The next day, we headed out to Iota, out in the country, to see a courir. Our Air BnB host counselled us to arrive early, perhaps fearing for the relative state of the chicken. For those who don’t know, a courir de Mardi Gras involves a group of revellers going house to house, the homeowner throwing a chicken from the roof (they can sortof fly, right?), running after the chicken, catching the chicken (this becomes harder the longer the courir takes, as participants indulge in more and more beer) and encouraging the home-owners to give them money and/or food items in a version of the stone soup story.

We waited amidst lots of semi-sober people, locals and tourists alike, listening to a kick-ass band, avoiding the stares of the motorcycle gang lounging about on one corner. We ate hot-from-the-fryer beignets, dusted with icing sugar and I chatted in French with a traditional Cajun Mardi Gras mask-maker.

We caught the revellers’ return–a colourful, rag-tag group of people in traditional costume, drunk as lords, swinging a couple of half-dead chickens around. The band took a break as the parade passed the viewing platform in the middle of town.

Then, all the costumed revellers got out and approached the crowd en masse, some caked with mud (I assume the chicken gave them a little trouble during certain chases), holding out and pecking at their hands (hard to do when balancing a beer), wanting a donation.

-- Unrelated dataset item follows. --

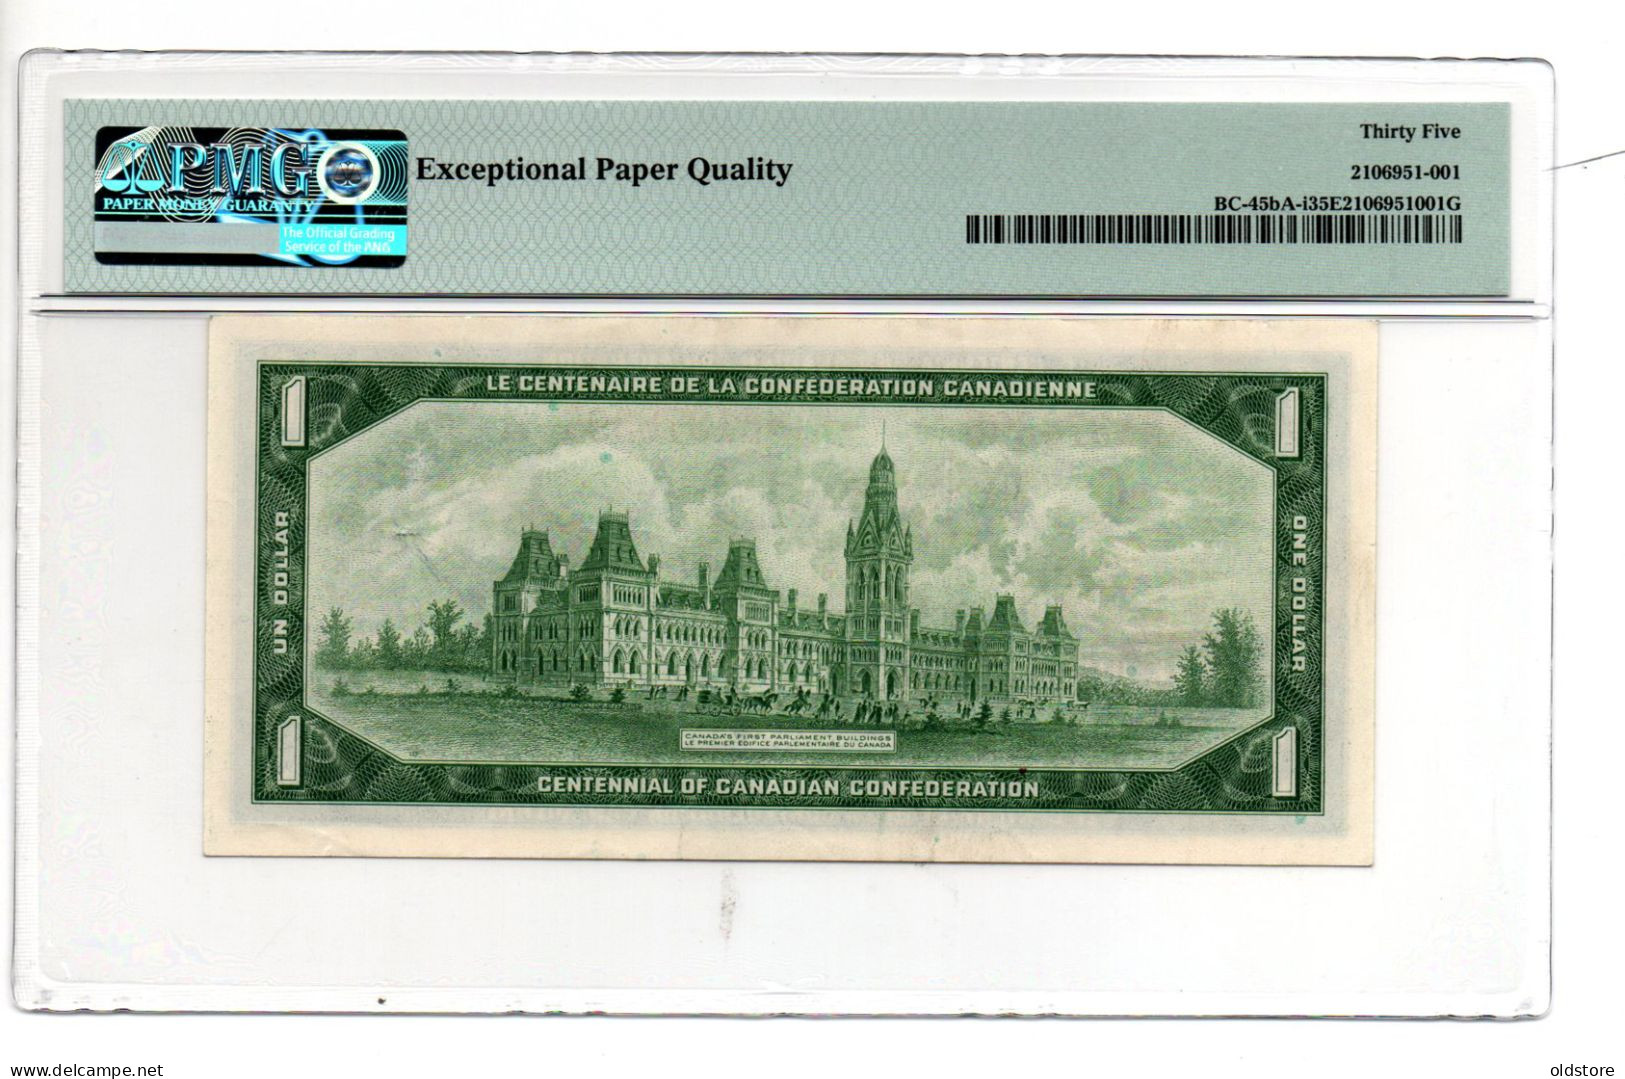 Canada Banknote - 1 Dollar - REPLACEMENT - ND 1967 - VF 35 EPQ - Canada

It was..uhm…disconcerting? Let’s stick with that. I’m not sure what transpired for the rest of the festival–I think the band might have started up again–but it was time for us to go. I’m pretty sure Lent started with hangovers for everyone, as any good Mardi Gras celebrant will tell you.

On the way out, we spotted a cage full of chickens. A local fellow said that these ones were spared from the gumbo pot–I asked if they’d gotten a presidential pardon, like the Thanksgiving turkey. That led to an interesting discussion on politics and why Trump was the candidate best suited for leading America into battle.

A somewhat fitting end to a really weird day.